If the meter is TRUE - RMS and marked that way, then it will give you the correct RMS voltage of any waveform (up to the frequency ability of the meter)

If the meter cost under $40-$50 or so, it is probably only True RMS for sinewaves, and the actual voltage of a different waveform is anybody's guess in the case of an Sine RMS only meter.

#### MrChips

Joined Oct 2, 2009
21,823
The RMS value is what constant DC voltage will give the same heating effect as the signal of arbitrary wave form. Hence mathematically, you have to compute the integral of the square of the amplitude and then take the square root.

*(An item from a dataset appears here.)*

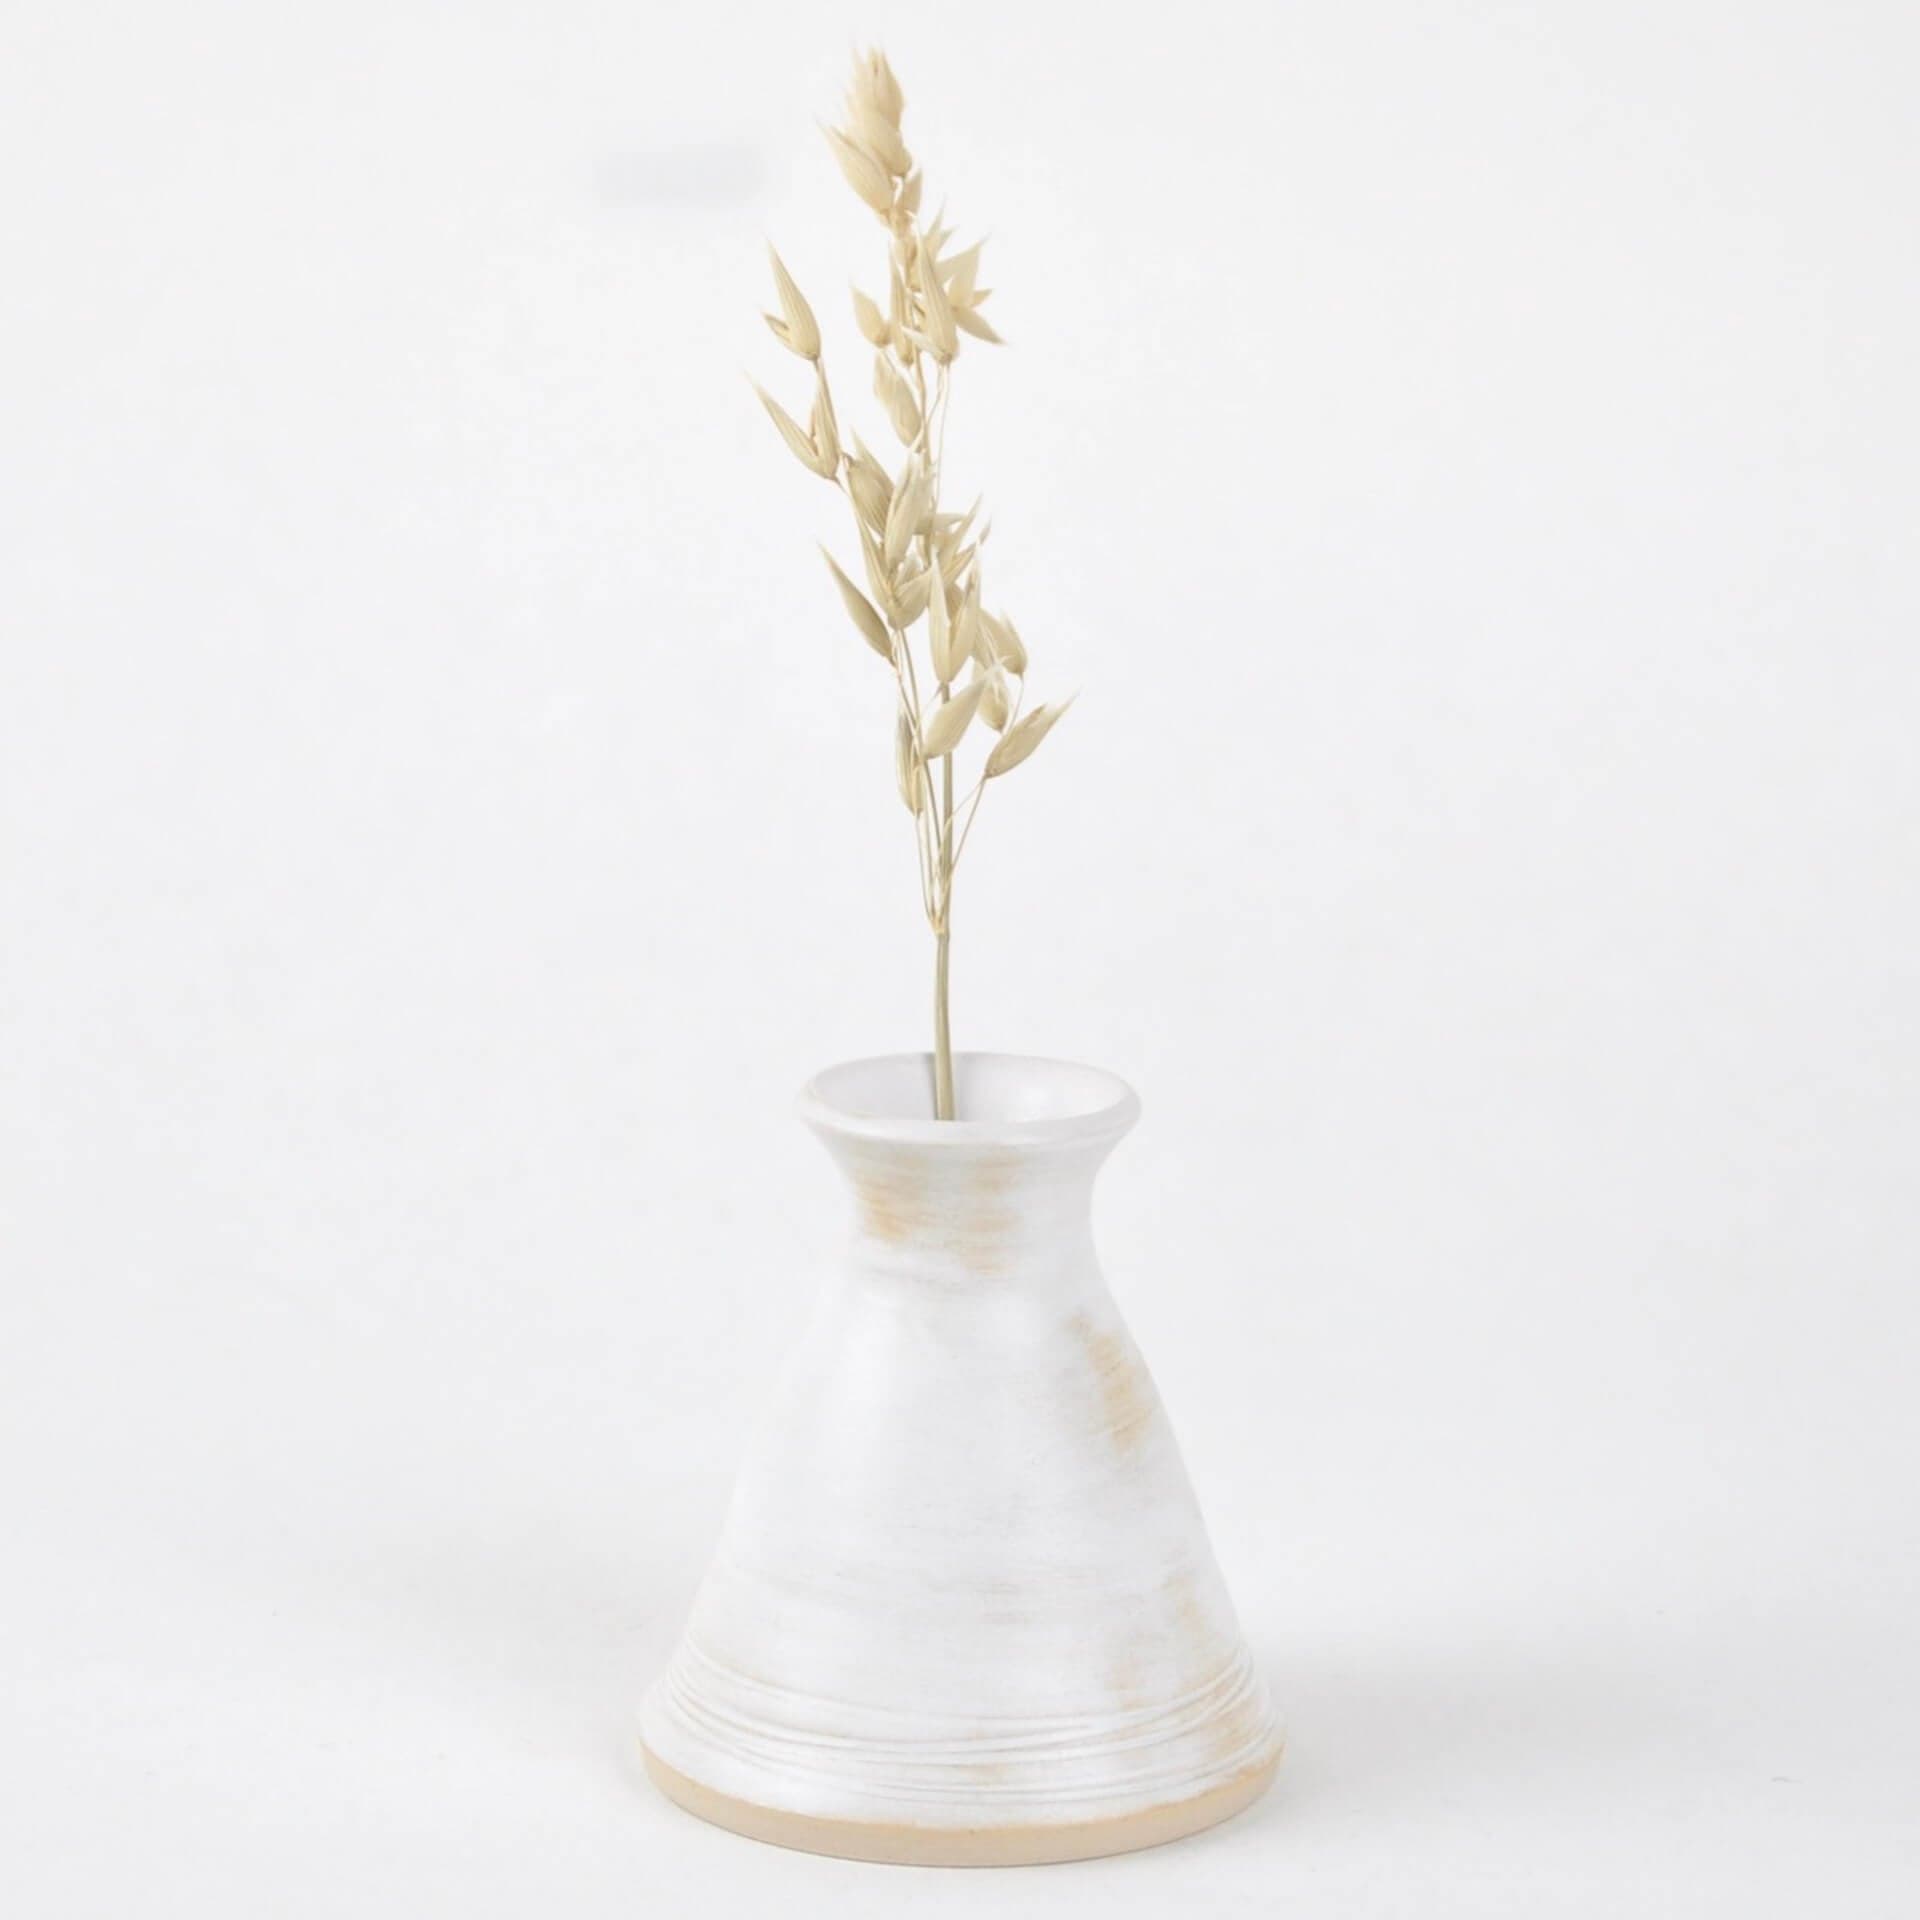 Hunkydory Ceramics Ceramics Soft White Candle Holder / Vase

So when you square the negative portion, it is the same value as the positive part. Hence the RMS is the same as if the square wave was a constant DC signal of half the peak-to-peak voltage.

#### TheLaw

Joined Sep 2, 2010
228
If the meter is TRUE - RMS and marked that way, then it will give you the correct RMS voltage of any waveform (up to the frequency ability of the meter)

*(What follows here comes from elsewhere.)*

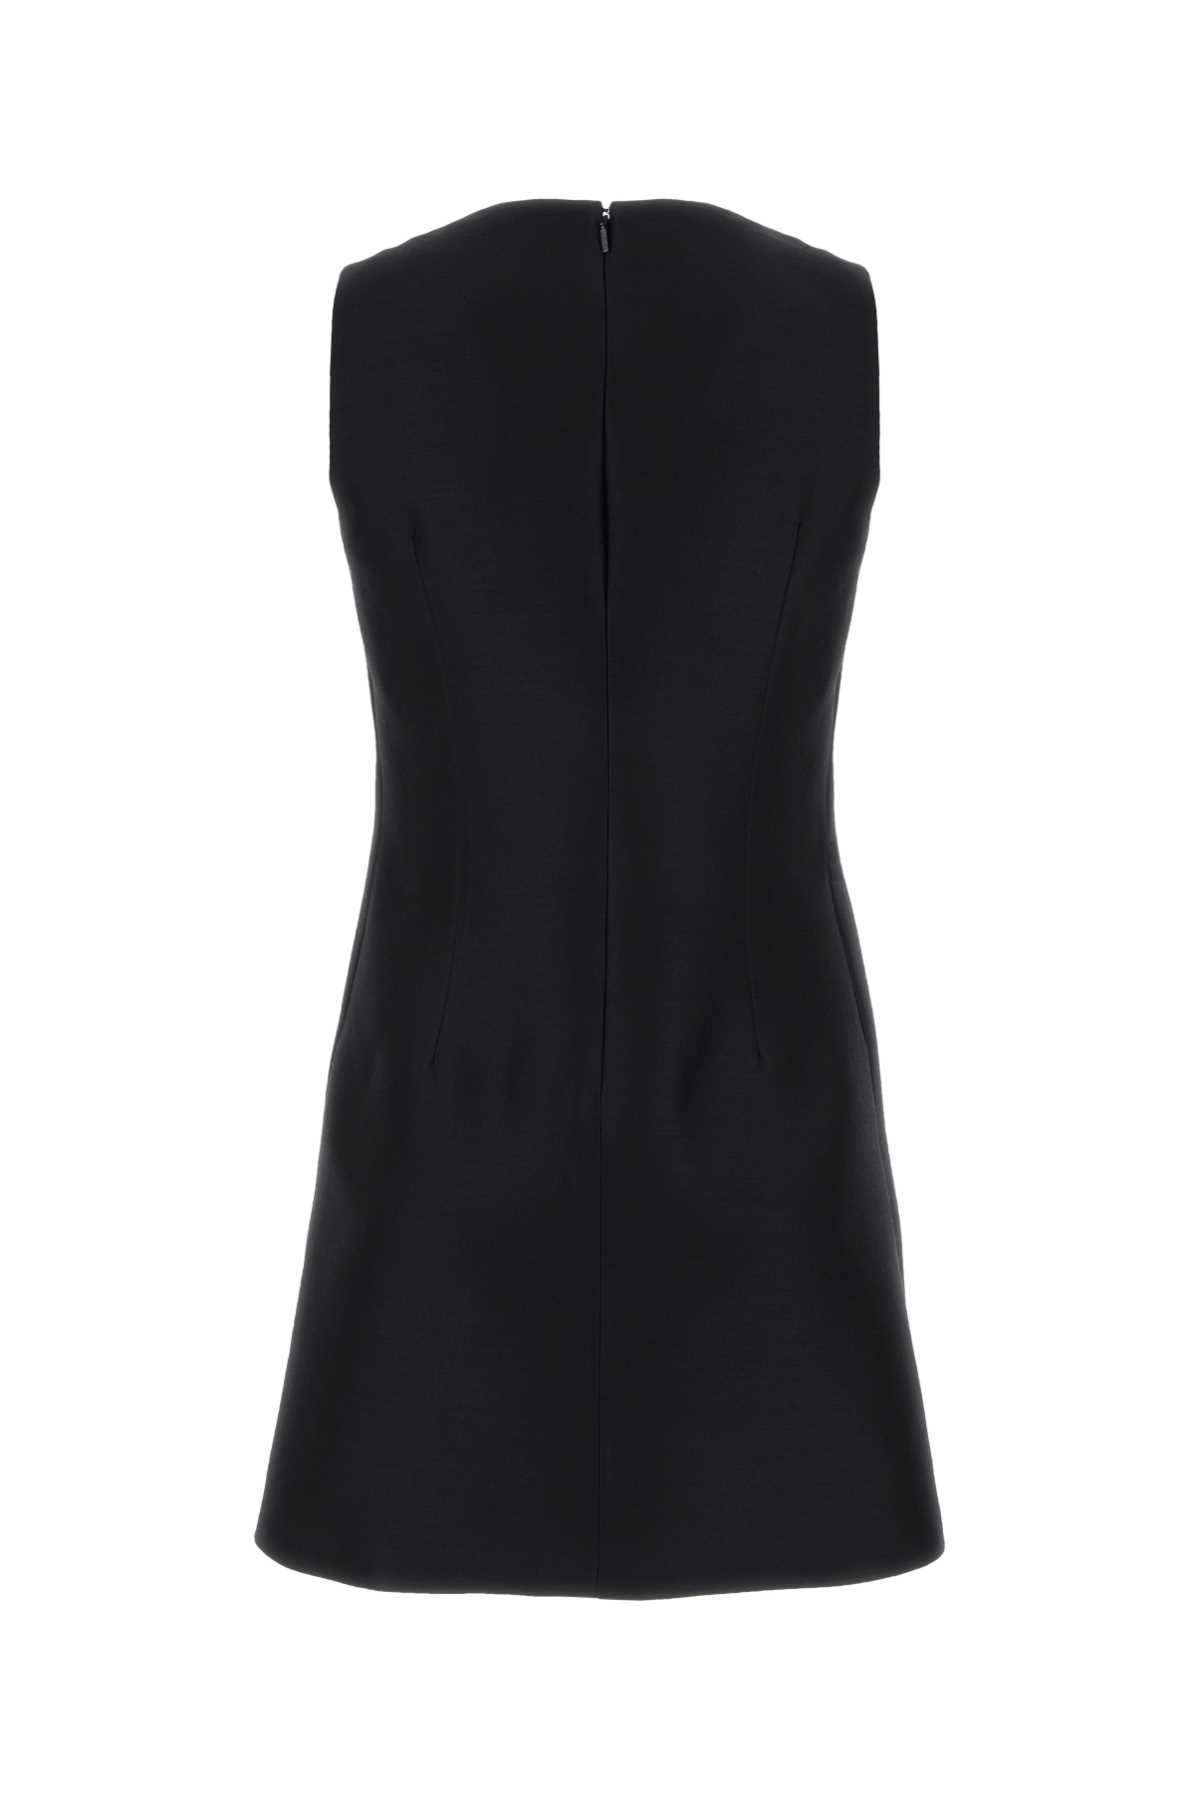 Versace Black Twill Mini Dress

If the meter cost under $40-$50 or so, it is probably only True RMS for sinewaves, and the actual voltage of a different waveform is anybody's guess in the case of an Sine RMS only meter.
http://www.amprobe.com/amprobe/usen/Multimeters/Industrial-Multimeters-/AM-270.htm?PID=73125

I'll have to look at the datasheet for my meter then.

Thank you.

#### thatoneguy

Joined Feb 19, 2009
6,359
That meter is a True RMS meter, meaning it will give you the RMS value of any waveform.

It may also give you the peak voltage if you set it to peak record.

#### TheLaw

Joined Sep 2, 2010
228
The RMS value is what constant DC voltage will give the same heating effect as the signal of arbitrary wave form. Hence mathematically, you have to compute the integral of the square of the amplitude and then take the square root. So when you square the negative portion, it is the same value as the positive part. Hence the RMS is the same as if the square wave was a constant DC signal.
I got the first part about the heating. (Actually learned that in school!). Second part not so much..Let's see. I'll read it again.

#### MrChips

Joined Oct 2, 2009
21,823
Draw a square wave centered above and below 0V. So in your example of 10V p-p, you end up with 5V above and 5V below.
Now flip the negative portion to the positive side. You end up with a DC voltage equal to 5V, half the peak-to-peak value.

A true RMS reading voltmeter would give the same reading as the 5V DC voltage if they were to have the same heating effect.

#### bountyhunter

Joined Sep 7, 2009
2,512
Hello,

How can I find the peak-to-peak voltage of a square wave produced by a function generator when I only have a True-RMS multimeter?

I'm new at this so if someone could dumb it down for me, I'd appreciate it.

Is it possible? Thanks.
Be careful. Most modern "true RMS meters" do some kind of integral approxination and are only accurate on signals with a crest factor less than 3. The phrase "True RMS" must be taken with a grain of salt, unless it is a thermal meter and they are rare and very expensive.

#### crutschow

Joined Mar 14, 2008
25,389
Be careful. Most modern "true RMS meters" do some kind of integral approxination and are only accurate on signals with a crest factor less than 3. The phrase "True RMS" must be taken with a grain of salt, unless it is a thermal meter and they are rare and very expensive.
The crest factor of a square-wave is 1, so that should not be a problem for the meter.

#### bountyhunter

Joined Sep 7, 2009
2,512
The other problem is bandwidth limitation. The leading edges of a square wave have very high frequency content. It would be like using a scope with a bandwidth of about 50 kHz to look at a square wave. The vertical edges would be "leaning" more like a triangle wave.

Joined Apr 30, 2011
1,569
I'm going to have to try that with my meter sometime. It's a true RMS with min, max and average (Fluke 89 IV). I know that mathematically a 10Vpp square wave of 50% duty cycle should read 5Vrms, min = -5V, max = 5V and average = 0V but it would be interesting to verify.